# Winning Money?



## DIYHorsemanship (Feb 22, 2014)

How good do you have to be to start winning money at shows? How long had you been showing before you ever started winning any money?

I know nothing about showing, I've only done pleasure riding and trails for the past 7-8 years.


----------



## waresbear (Jun 18, 2011)

Depends which shows you go and how much money you are talking about. I win money at most shows I attend, stake classes, the more entries, the more money. Most I have ever won at a show was just under $300, barely covered my entry fees.


----------



## DIYHorsemanship (Feb 22, 2014)

waresbear said:


> Depends which shows you go and how much money you are talking about. I win money at most shows I attend, stake classes, the more entries, the more money. Most I have ever won at a show was just under $300, barely covered my entry fees.


I guess I meant, how good do you have to be to start winning money to the point you are covering you entry fees and a bit more. Where you're actually "earning" money.

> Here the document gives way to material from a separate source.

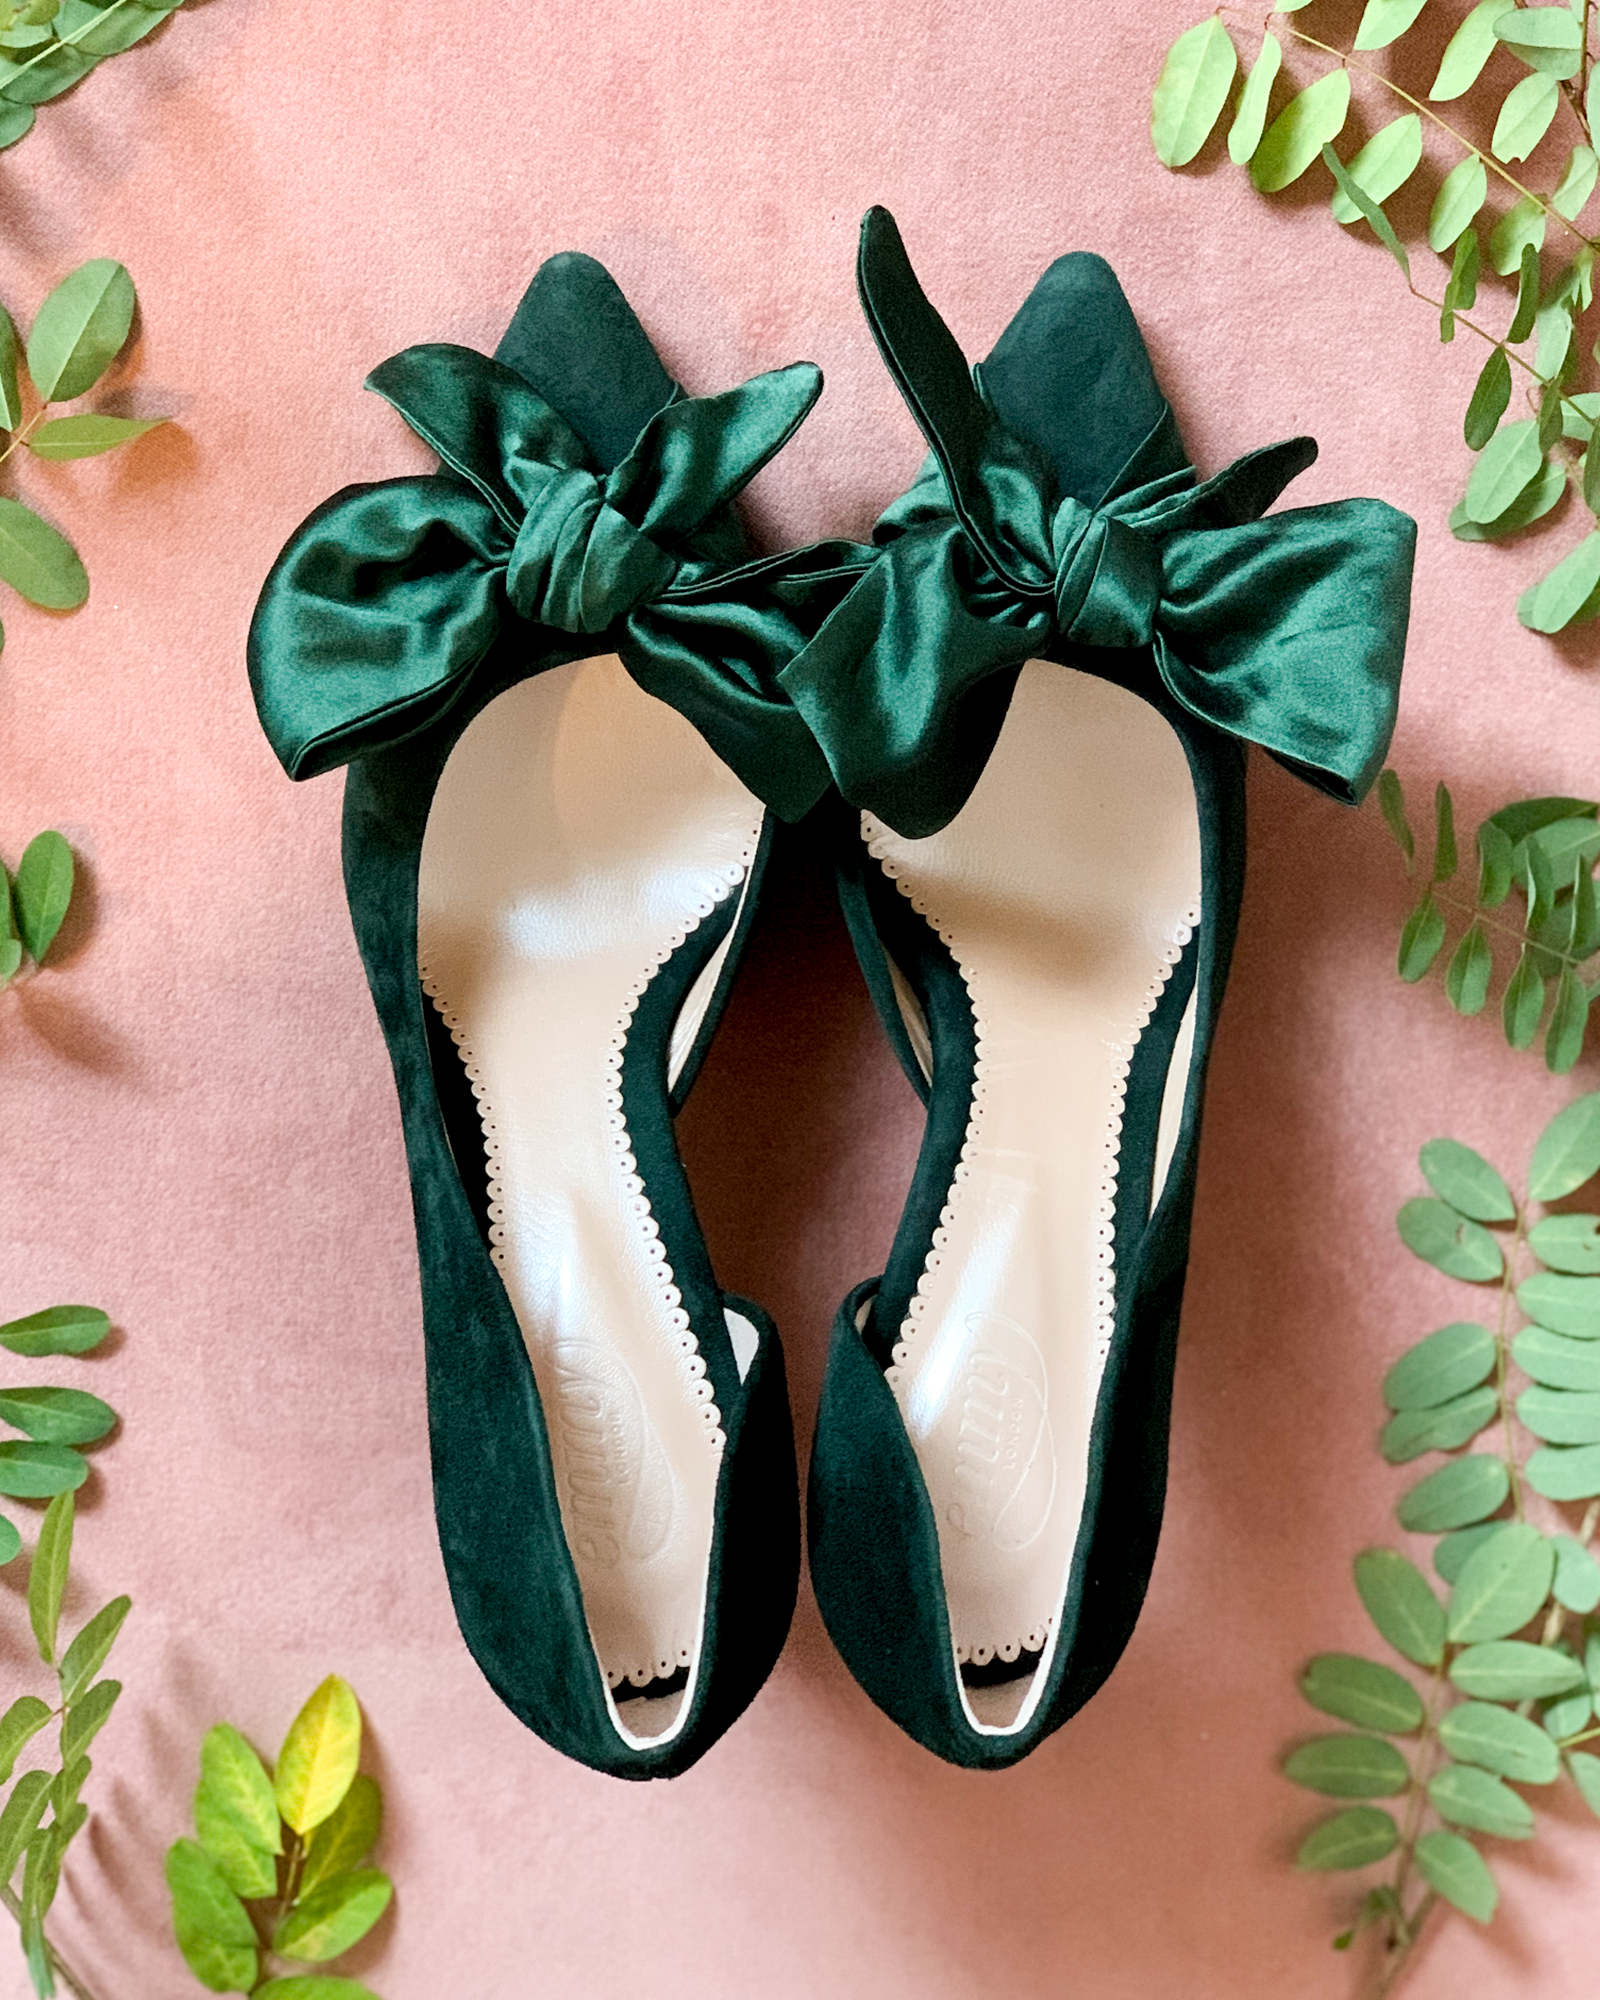 Florence High Heel Fashion Shoe Green Evening Shoes  image

Is that even possible if you're not a pro?


----------



## waresbear (Jun 18, 2011)

Earning money at shows? Hahaha, unless you're a very good barrel racer that travels a circuit, forget it!


----------



## KWPNowner (Sep 25, 2012)

It's possible to win enough money at hunter/jumper shows to have the show write you a check - sometimes a pretty big one. You would have to be competing in bigger classics, hunter derbies or GPs to bring home a decent check though.

If you're competing in the A rated divisions (the juniors, amateur owners, high performance, etc) at A/AA shows and doing consistently well, you'll likely cover at least your entry fees, possibly your whole bill, even without a big money class. The bill for a A/AA show will be around 1 - 1.5K to give you a ballpark for the amount of money horses are winning in their divisions. Grand Prixs have the most money - up to a million for a couple of them - although mid - high five figures is what you usually see.

So many variables go into how long exactly it takes for someone to compete at the upper levels, but it takes years and fair amount of money to develop a horse and rider to that level.


----------



## SlideStop (Dec 28, 2011)

With higher purses come higher level of showing, hence a higher cost. 

One thing you may want to look into are the end of the year prizes they give away. You may be able to turn around a saddle, or other nice prizes, into quick cash.
_Posted via Mobile Device_


----------



## kewpalace (Jul 17, 2013)

In the reined cow horse association I show with they have their own classes & NRCHA classes. Our classes do not pay cash prized, but gives you a credit on future show fees if you win the class. You also accumulate points for your placings and then get year end prizes depending on your final placing. They also give a perfect attendance prize.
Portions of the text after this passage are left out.